Incline Village, an affluent ski town of roughly 9,000 residents on the lake’s North Shore, is one of those communities.

“… Skiing is a big part of the economy of North Lake Tahoe in the wintertime,” Raymore said. “It’s one of the drivers for visitation, as well as getting second homeowners and residents into the outdoors.”

With greater Reno-Tahoe being home to the highest concentration of ski resorts in North America, Ben McDonald, senior communications manager at the Reno-Sparks Convention & Visitors Authority, said the winter recreation season is “crucial” to the region’s economy.

“The thing that ski season does is it gets people talking about us, and it gives people something to do in the wintertime,” McDonald said. “The gaming product obviously still has a draw, and it keeps people in the city if they’re on a ski trip.
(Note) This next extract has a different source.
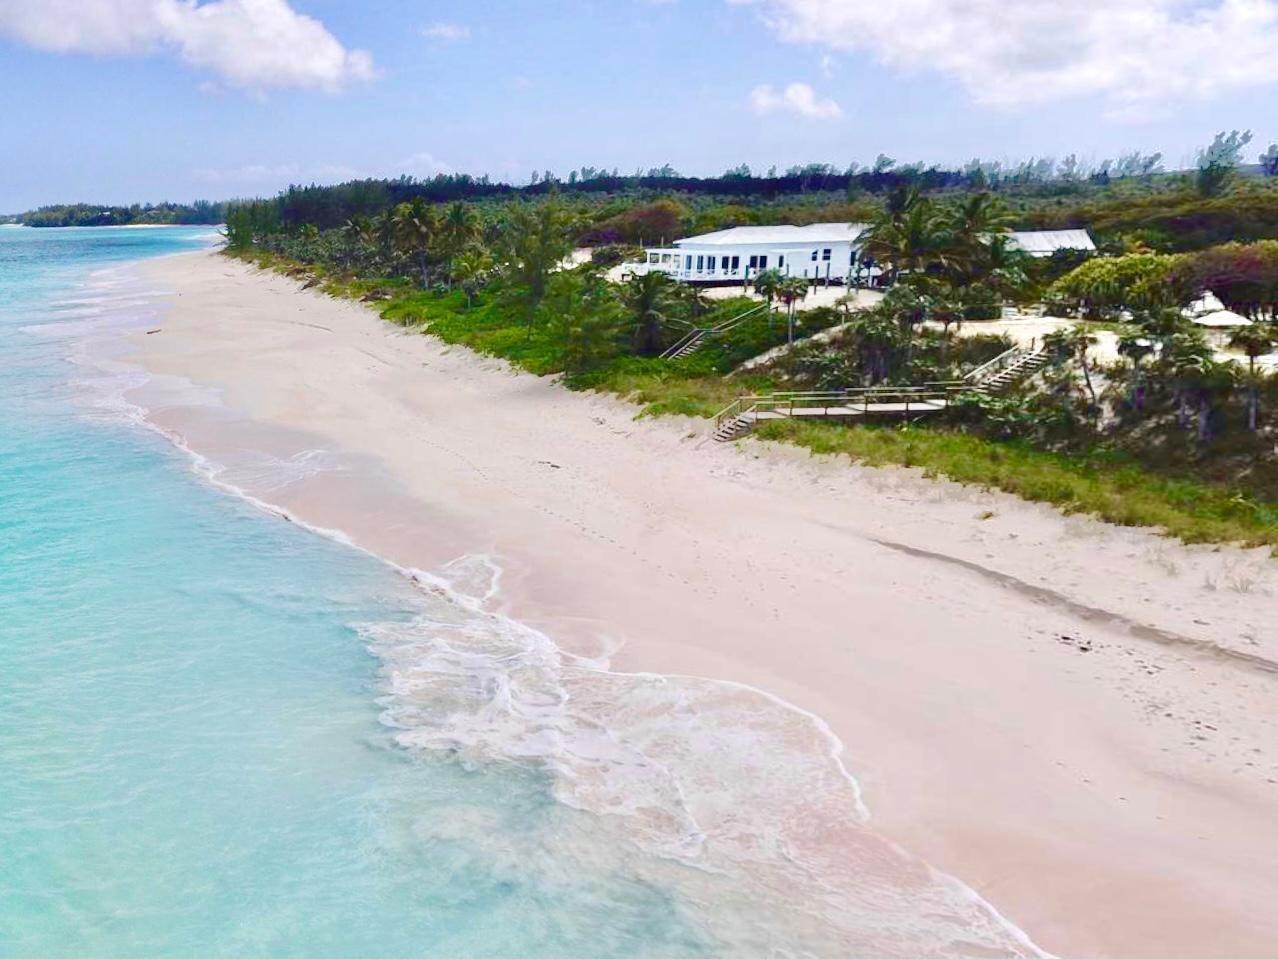 Single Family Homes for Sale at Palmetto Point, Eleuthera Bahamas

But, right now, until entertainment is allowed to reopen, ski season is going to be the draw.”

To illustrate the impact COVID had on tourism last ski season, McDonald pointed to a 52.5% drop in occupied hotel rooms in March compared to 2019 across greater Reno-Sparks-North Tahoe — plummeting from 234,559 rooms to 111,470.

As a whole, the U.S. ski industry lost at least $2 billion due to the economic slide caused by COVID, according to the NSAA.

Despite resorts limiting the number of tickets sold and fewer people using air travel, resorts in the region are cautiously optimistic it will be able to keep the lifts spinning at a safe and steady clip this winter.

As long as the snow is good, that is.

“That’s certainly the key,” Reitzell said. “I feel like that there will be a strong demand to go skiing and riding this year. California and Nevada are definitely more of a drive market versus a flight destination, which I think will probably help. Right now, people are more interested in going places where they can drive versus having to fly.”

Added Pierce: “Our drive-market guests will probably way overpower our destination market guests; whether people actually get on planes and fly as much this year remains to be seen.”